You can hear the people sing—really hear them—in the long-gestating screen version of that Broadway juggernaut Les Misérables. Countering the standard practice of having the actors in a film musical lip-synch their songs to prerecorded tracks, director Tom Hooper (The King’s Speech) insisted that all the singing in his Les Mis happen live on the set, in the moment, with hidden earpieces allowing the actors to hear the orchestrations. The result is a movie musical unlike any you’ve heard before: Real voices emerge in real time, complete with assorted tremors, gasps for breath, and other “imperfections” of the sort typically smoothed away in the studio.
The live singing is but one part of Hooper’s concerted effort to inject grit and verisimilitude into Les Mis—a lofty strategy that has become folly by late in the film, when the proletarian hero Jean Valjean (Hugh Jackman) sloshes through the sewers of Paris with the body of the wounded revolutionary Marius (Eddie Redmayne) slung across his mighty shoulders, both men caked in human excrement. For the more Hooper tries—and oh, how he tries, ratcheting the filth amp to 11 and shooting almost everything with an arsenal of wide-angled, hand-held cameras—the more the source material’s moist-eyed storybook romanticism proves resilient to his efforts.
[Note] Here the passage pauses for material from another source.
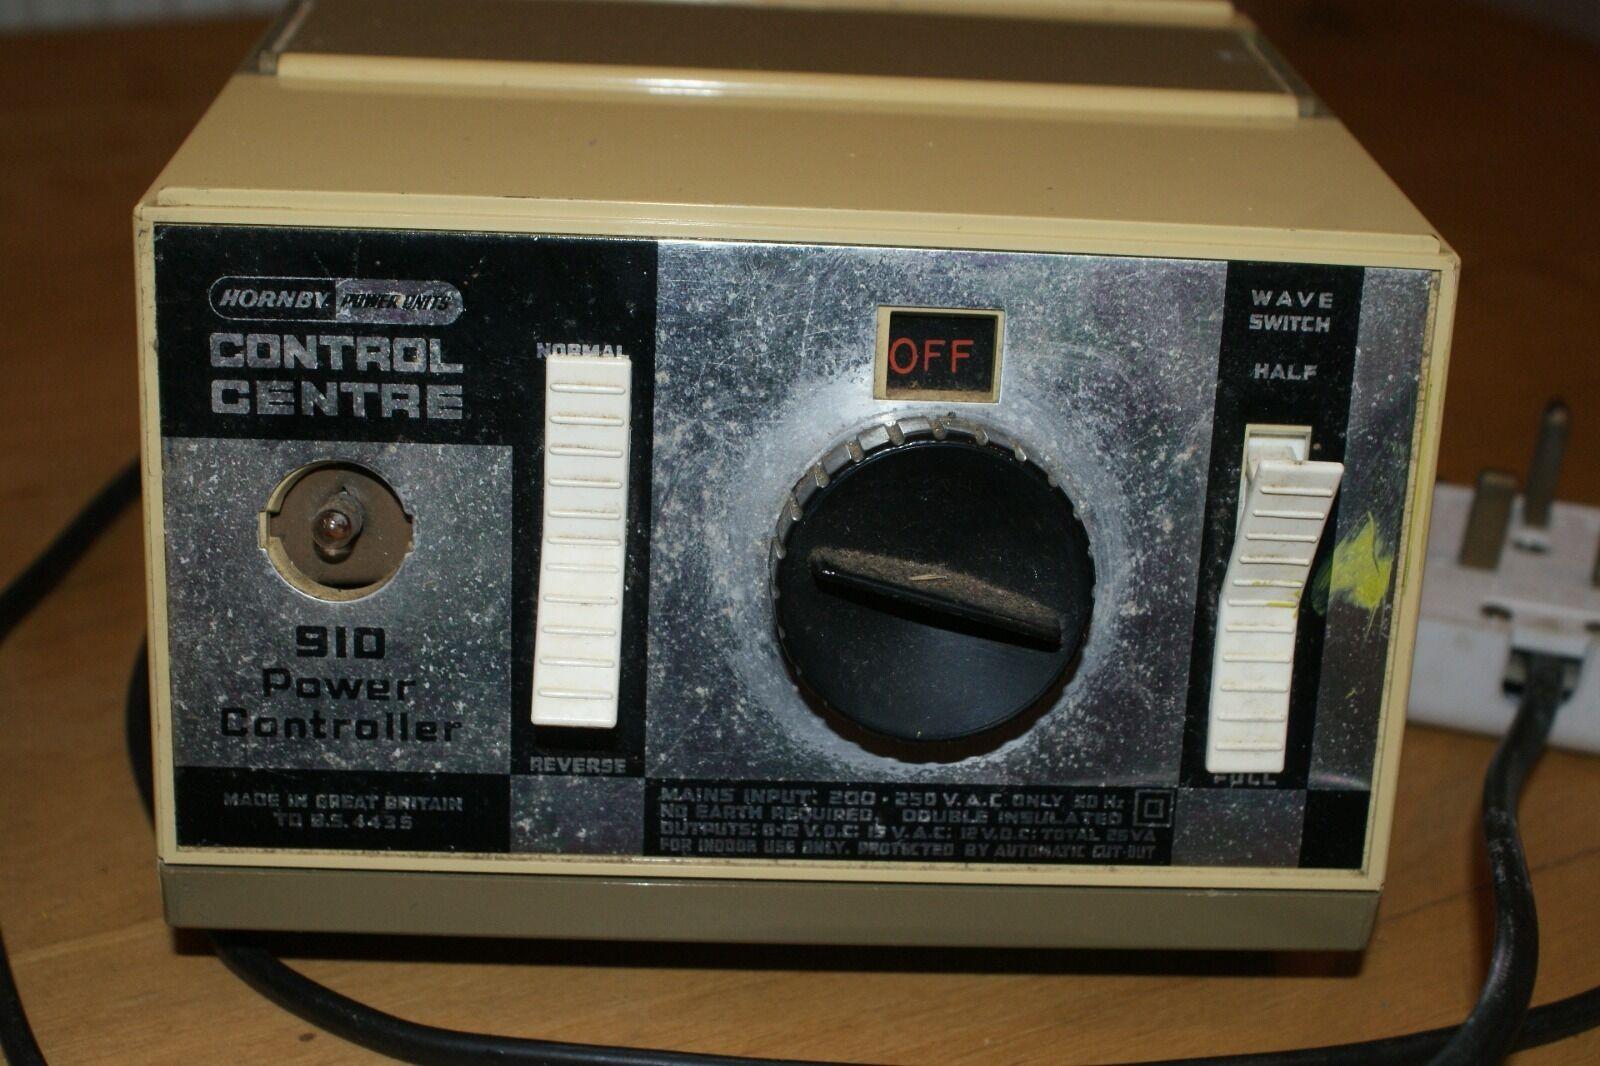 VINTAGE Hornby oo gauge R910 Control Centre Power Controler

It’s doubtful, after all, that realism—or any semblance of it—is what audiences were seeking when they turned the 1985 British stage production into a blockbuster. Liberally inspired by Victor Hugo’s 1862 novel, Les Misérables the musical boils down Hugo’s panoramic study of the underclasses between the end of the French Revolution and the failed Paris uprisings of 1832 to a series of noble peasant heroes, cardboard villains, and star-crossed lovers belting out sound-alike anthems about the resilience of the human spirit.
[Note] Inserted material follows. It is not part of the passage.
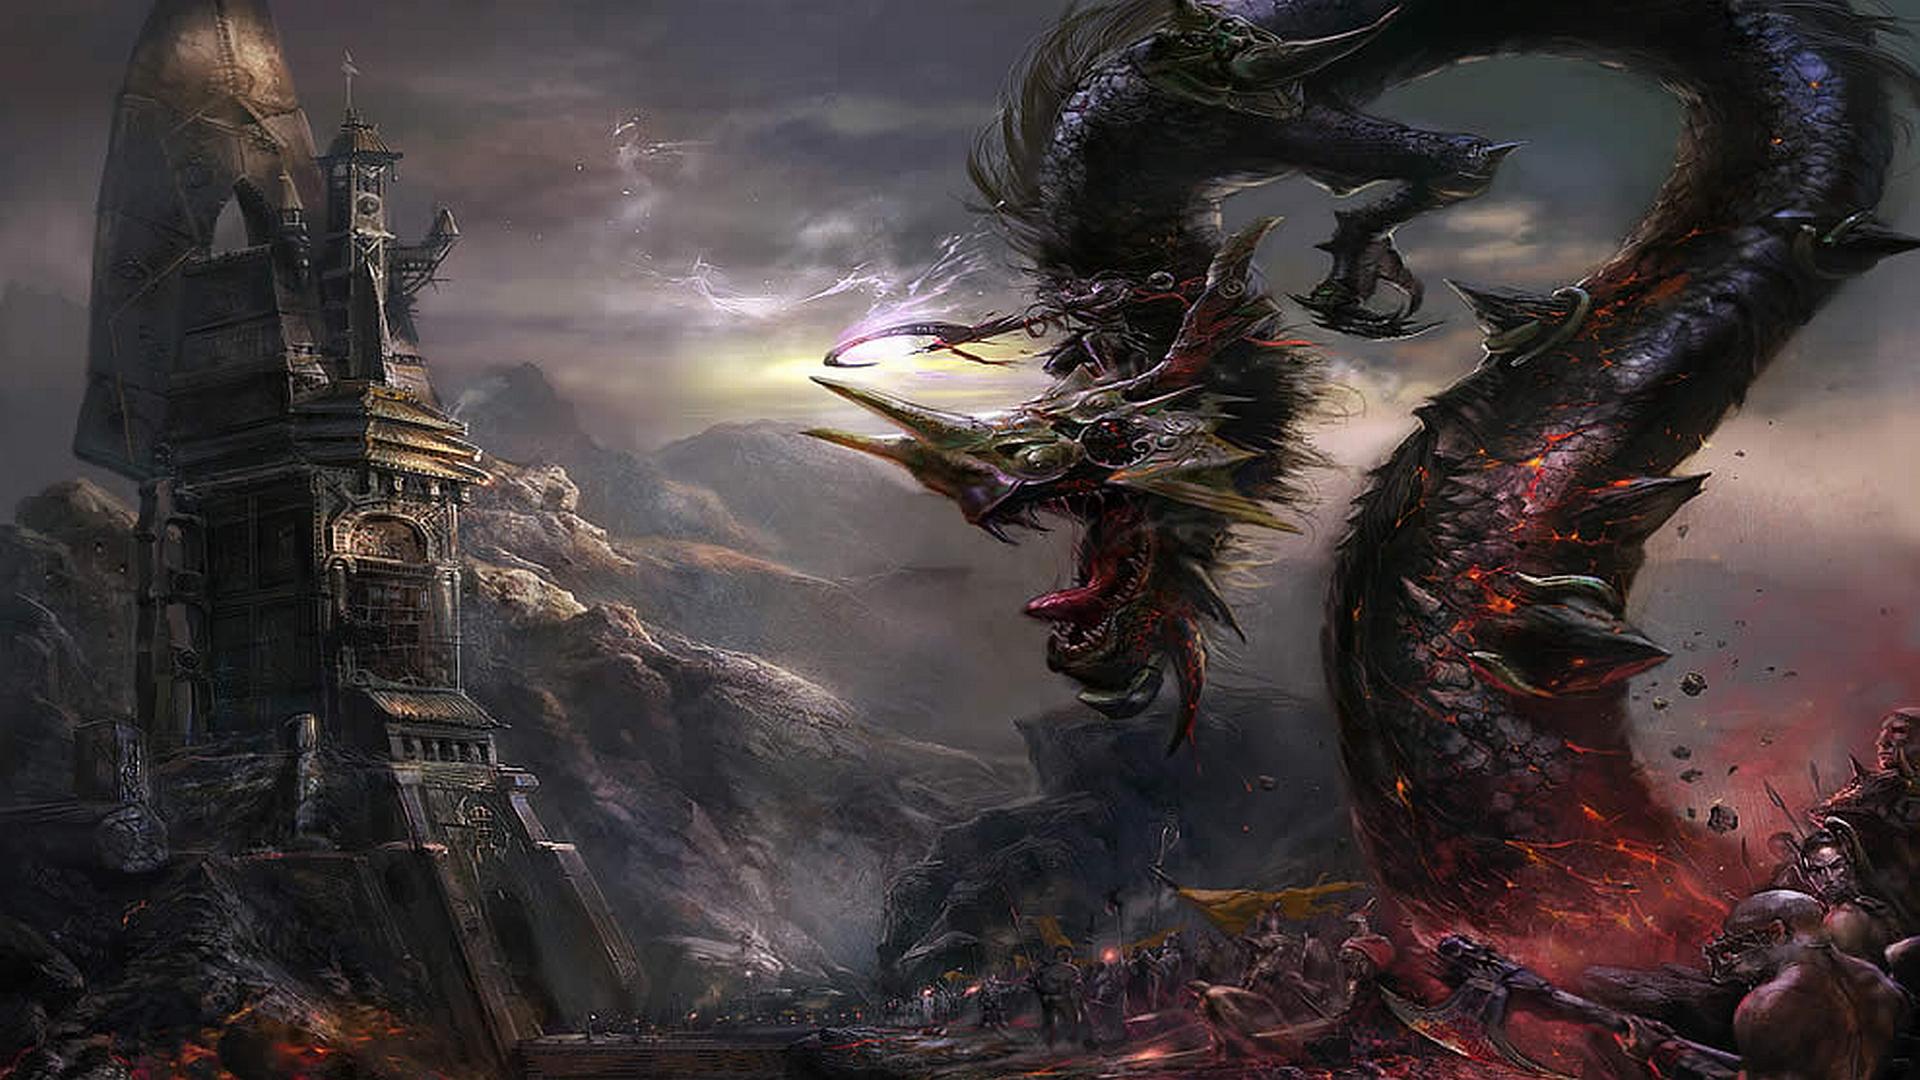 Wallpapers De Demonios Fantasia Etc Parte 2 Resubido En Taringa

Onstage, Les Mis has about as much to do with Hugo as Rent has to do with Puccini, but it has undeniable kitsch appeal. Onscreen there are fewer pleasures, though the opening moments are undeniably impressive in an old-fashioned, epic-monolithic way, as the camera drifts up from underwater to reveal Valjean and a chain gang of prisoners hauling an enormous ship into port under the crash of waves and the glower of police inspector Javert (Russell Crowe). Later, when a paroled Valjean jumps bail and flees through a snow-capped mountain expanse, the film exudes a wide-open physical grandeur not often seen in musicals. There are a handful of other show-stopping moments along the way, though I’m not sure if the most-discussed of them—Anne Hathaway’s rendition of the tortured ballad “I Dreamed a Dream”—stops the show for the right reasons. The impassioned lament of Fantine, a fired factory worker forced into prostitution to support her illegitimate daughter, “I Dreamed a Dream” is already emotional pornography of the first order, made more so by Hathaway’s borderline-hysterical interpretation.
Yet it’s hard to place too much fault on the direction of a movie that feels less like an exercise in filmmaking than in careful brand management. Once upon a time, directors entrusted with bringing some popular work of theater or literature to the screen were allowed to be creative, to reshape and adapt as they saw fit.
But in today’s Hollywood, where “pre-awareness” reigns supreme and the rights-holders of underlying properties retain ever more say in the adaptation process, writers and directors are increasingly reduced to the level of corporate lackeys. Occasionally a filmmaker will still be given major leeway to reinvent a well-known character or franchise (as Christopher Nolan was for his Batman films), but more often—whether it’s Twilight or The Hunger Games or The Girl With the Dragon Tattoo—the clear mandate is to cater to the base, and Les Mis is no exception. Try as Hooper did to make this movie his own, the only real changes he was allowed were cosmetic and stylistic, and even smeared in shit, these gleaming icons cannot be dulled. The dream lives, but this movie remains in chains.